La dernière arrestation date du 25 août 2022 quand le militant Célestin Kambale Kapenda du même mouvement a été mis au cachot. Il est détenu à l’Agence Nationale de Renseignement (ANR) à Kamina, chef-lieu de cette province. A l’instar de ses camarades en détention, aucun motif ne lui a été révélé.

Le Coordonnateur provincial de la CJL, Kayumba wa Kayumba Aphande a indiqué que ces arrestations sont commanditées par la Gouverneure du Haut-Lomani, Madame Isabelle Yumba Kalenga Mushimbi, qui ne veut entendre aucune voix critiquer, déclarer ou dénoncer sa gestion.
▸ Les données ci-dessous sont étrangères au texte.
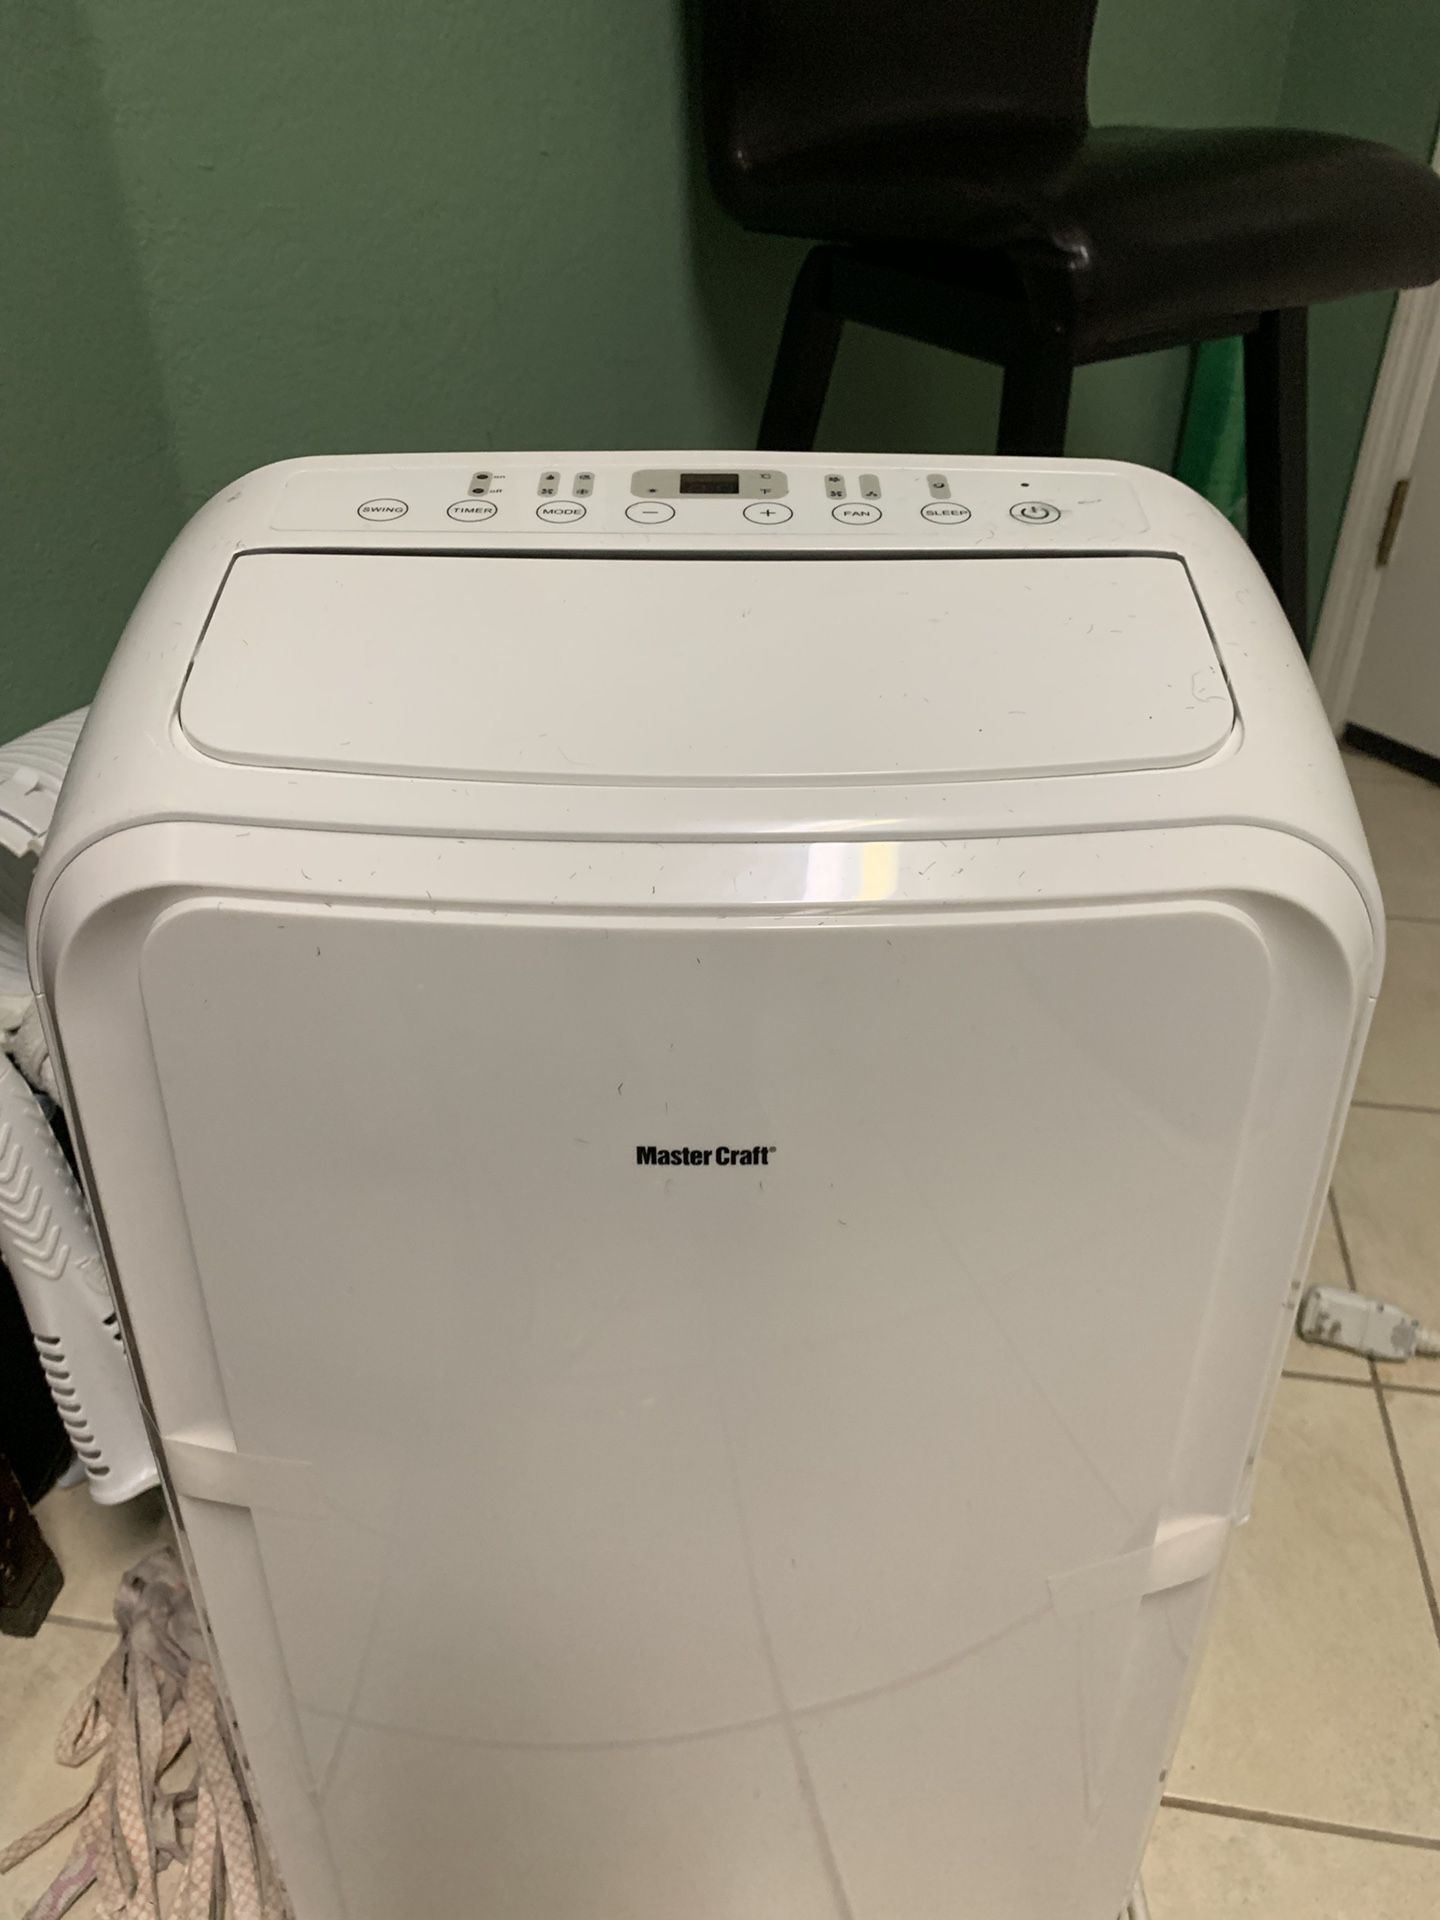 Master Craft Portable AC and heater 12000 BTU lightly used for sale in excellent condition

Ces militants dénoncent une dictature imposée à tous par Isabelle Yumba, candidate de l’Union Sacrée (coalition au pouvoir en RDC) investie gouverneure du Haut-Lomami le 28 juin 2022.

RECOMMANDATIONS

Condamnant une fois de plus avec la toute dernière énergie ces cas d’abus et violations de droits des défenseurs des droits humains (DDH), des journalistes et des médias en République Démocratique du Congo, Partenariat pour la Protection Intégrée (PPI) formule des nouvelles recommandations ci-après, tout en reconduisant certaines qui n’ont jamais trouvé solution et qui demeurent importantes :

  1. Au Président de la République de : Rendre professionnelles la police, l’armée et l’ANR telles que promis lors de son investiture comme Président de la République le 24 janvier 2019, afin que cessent toutes les menaces, bavures et comportement mal saint de la plupart des éléments de ces services au nom de la promotion et de la jouissance des droits universellement garantis ; 
  1. Aux députés nationaux : de voter la loi sur la dépénalisation des délits de presse et la loi portant protection des DDH en République Démocratique du Congo afin que les journalistes et les DDH soient à l’abri des violations des droits qui leurs sont reconnus ; 
  1. A la Gouverneure du Haut Lomami : De libérer tous les militants arbitrairement détenus au cachot de l’ANR à Kamina pour leurs opinions sur la gestion ; 
  1. Aux services de sécurité à différents niveaux : de garantir la sécurité à tous les défenseurs des droits de l’homme et journalistes qui sont sous menaces de mort tel que décrit dans le présent rapport ; 
  1. Au Conseil Supérieur de l’Audiovisuel et de la Communication (CSAC): de se prononcer sur ces menaces et détentions arbitraires qui pèsent sur les journalistes pour une presse libre et indépendante ;
  1. Aux autorités politico-administratives et militaires du Nord-Kivu et de l’Ituri: de comprendre que les DDH et les journalistes ne sont pas leurs ennemis et s’impliquer pour leur sécurisation, surtout en cette période spéciale d’état de siège dans ces deux provinces ; 
  1. A la justice congolaise de rendre une justice équitable et qu’elle prenne des mesures garantissant la non répétitions de ces abus et violations des droits d’expressions démocratiques.